- **GOAL OF THE EXERCISE**: For this exercise, reproduce the entries below exactly, but only from the line containing "Champagne Vincoeur" through the line containing "Ayesha Hazarika UK", both included.

- **GIVEN DATA**:
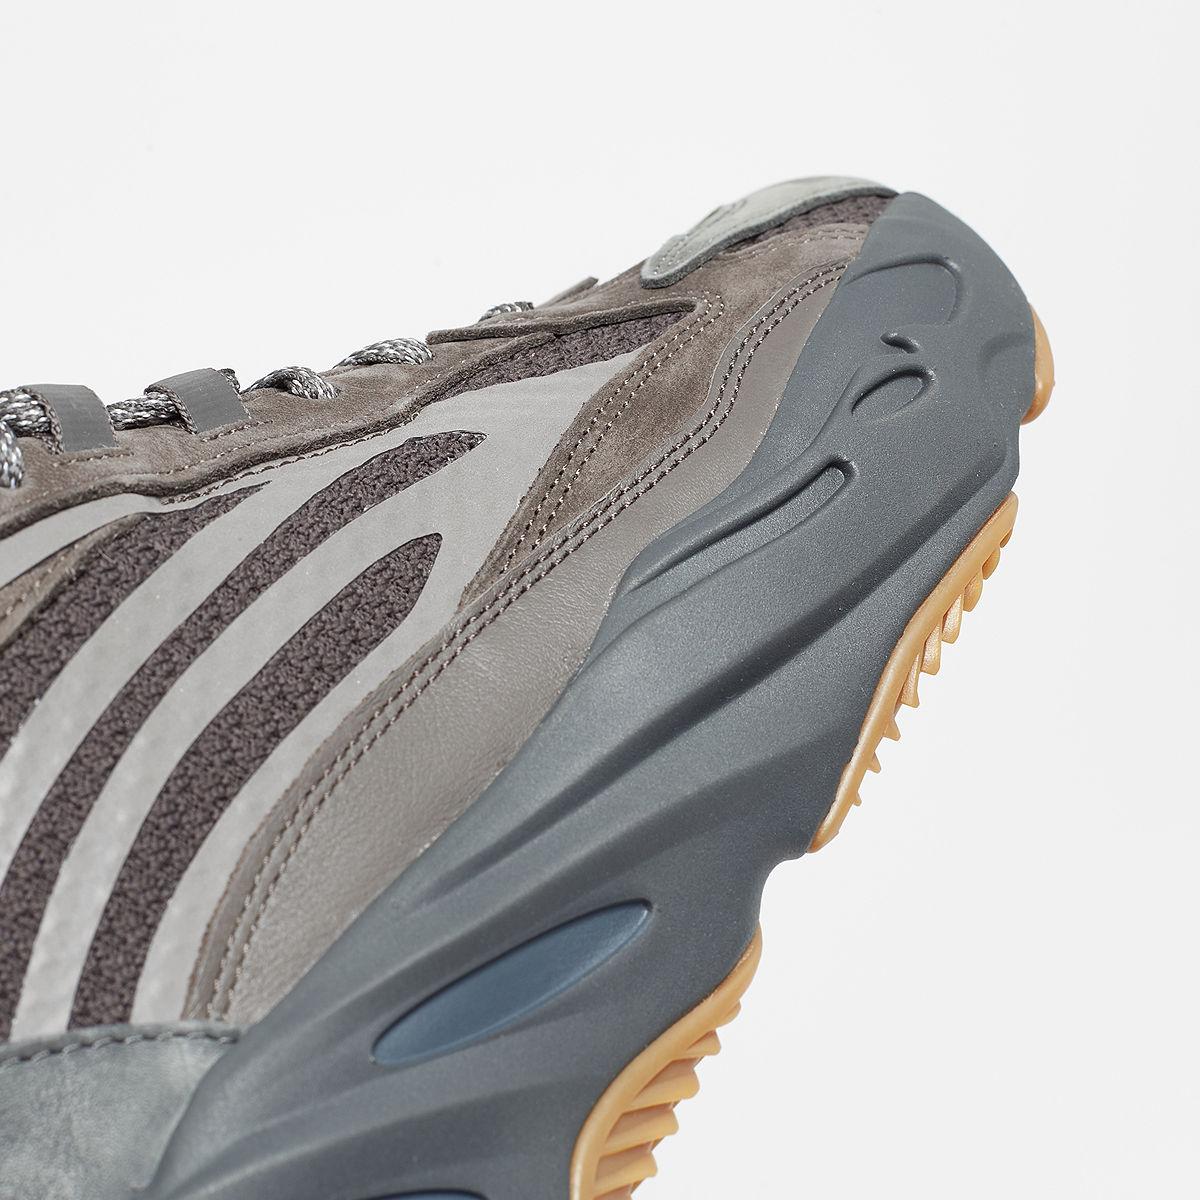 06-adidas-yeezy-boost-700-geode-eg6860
---
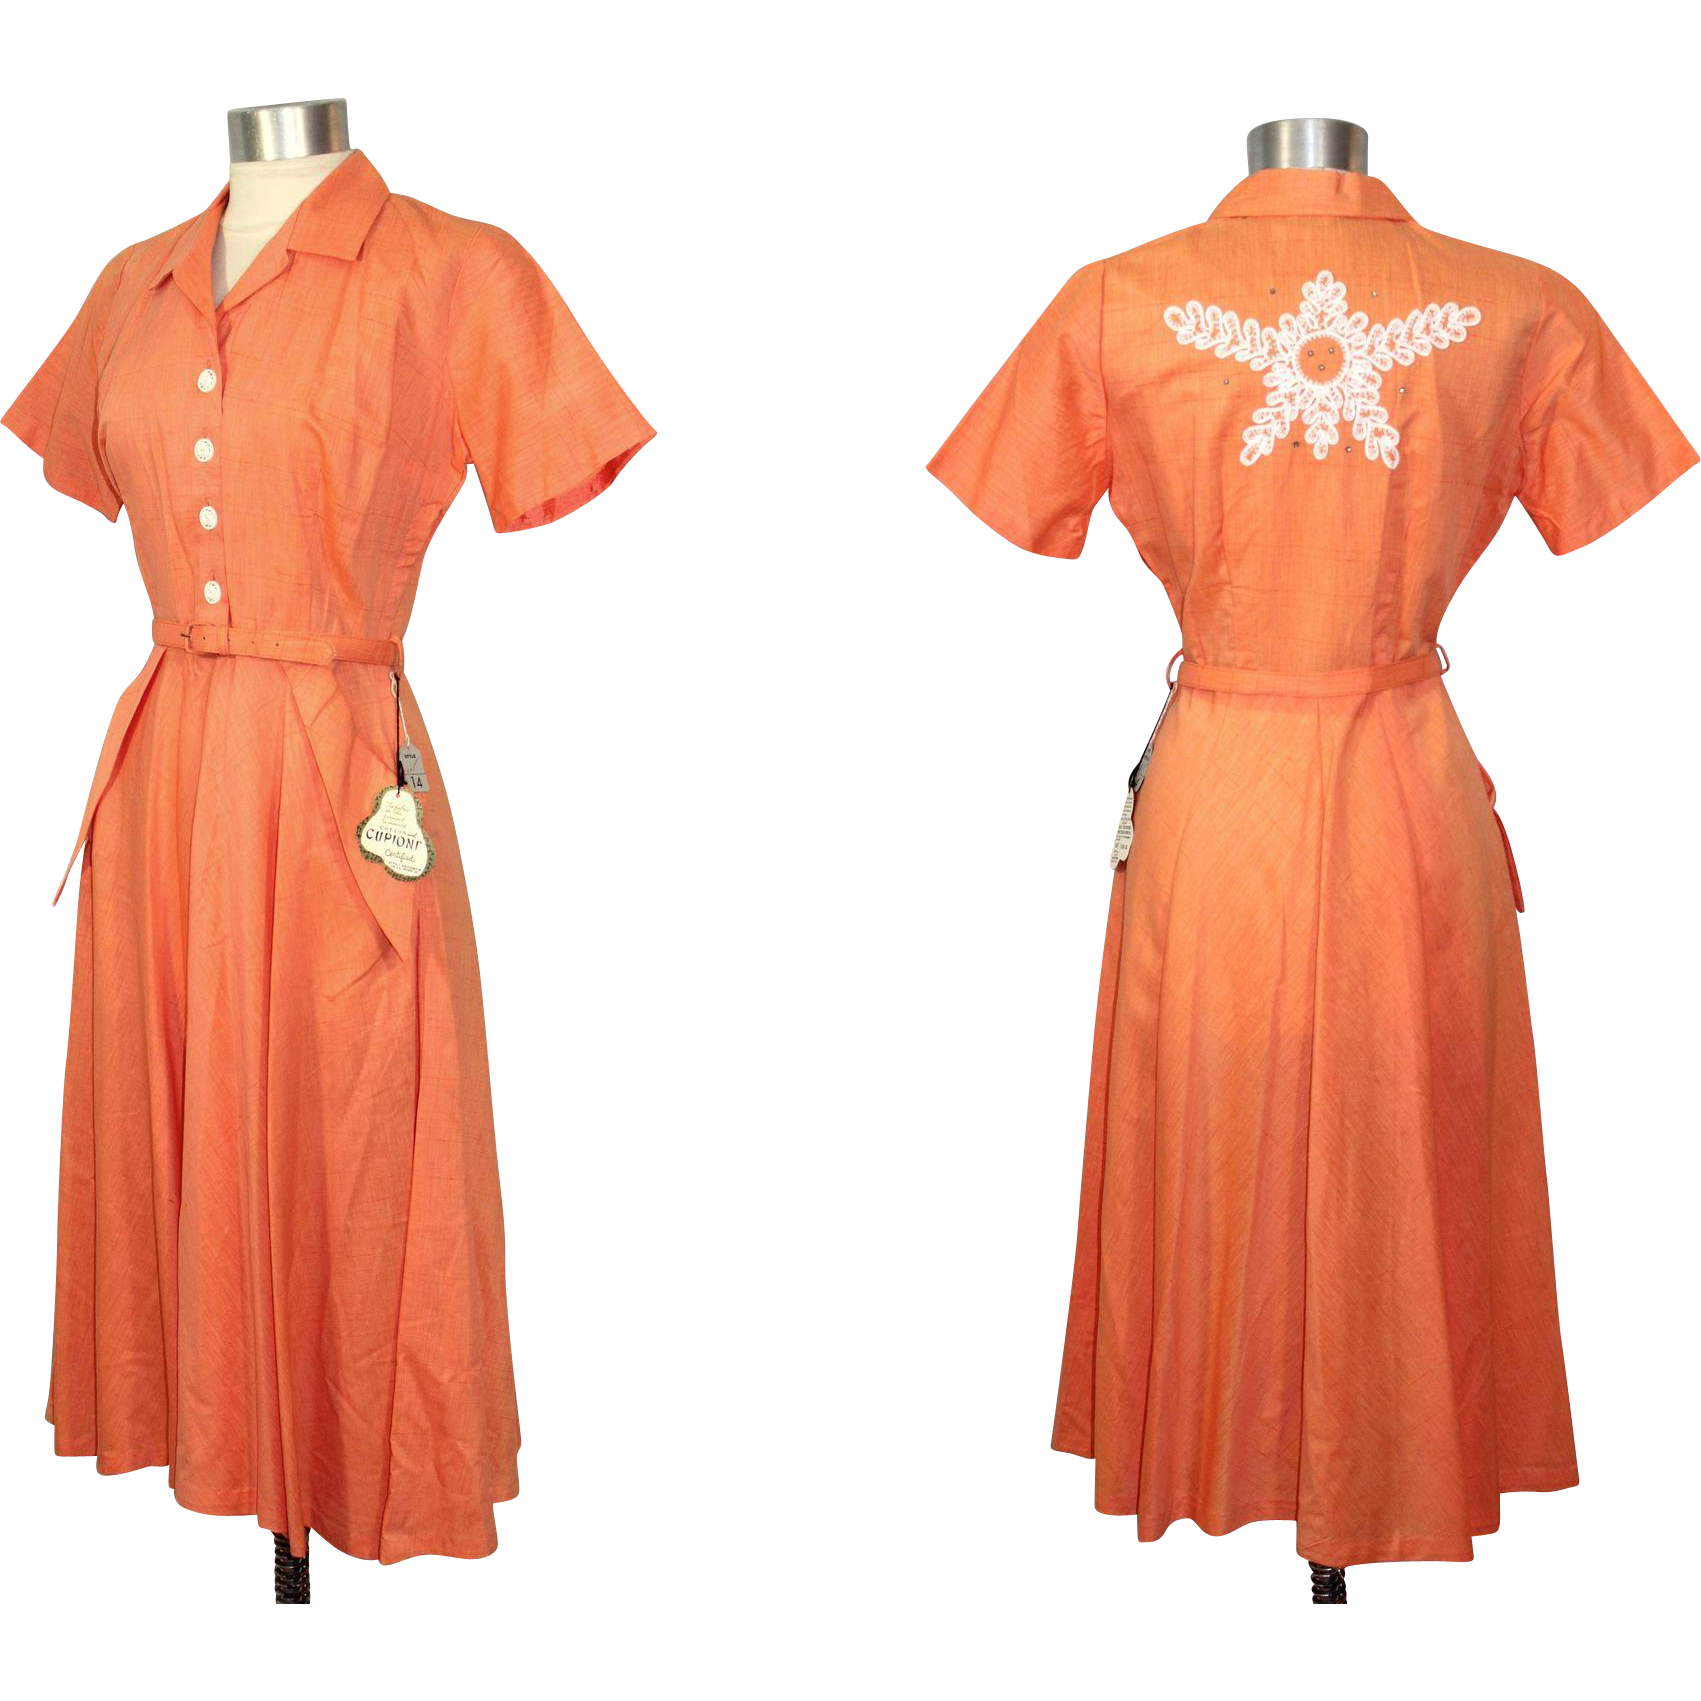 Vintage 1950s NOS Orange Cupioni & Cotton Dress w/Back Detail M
...
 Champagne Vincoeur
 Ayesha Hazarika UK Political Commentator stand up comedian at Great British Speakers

- **PROBLEM SOLUTION**:
 Champagne Vincoeur
 Ayesha Hazarika UK Political Commentator stand up comedian at Great British Speakers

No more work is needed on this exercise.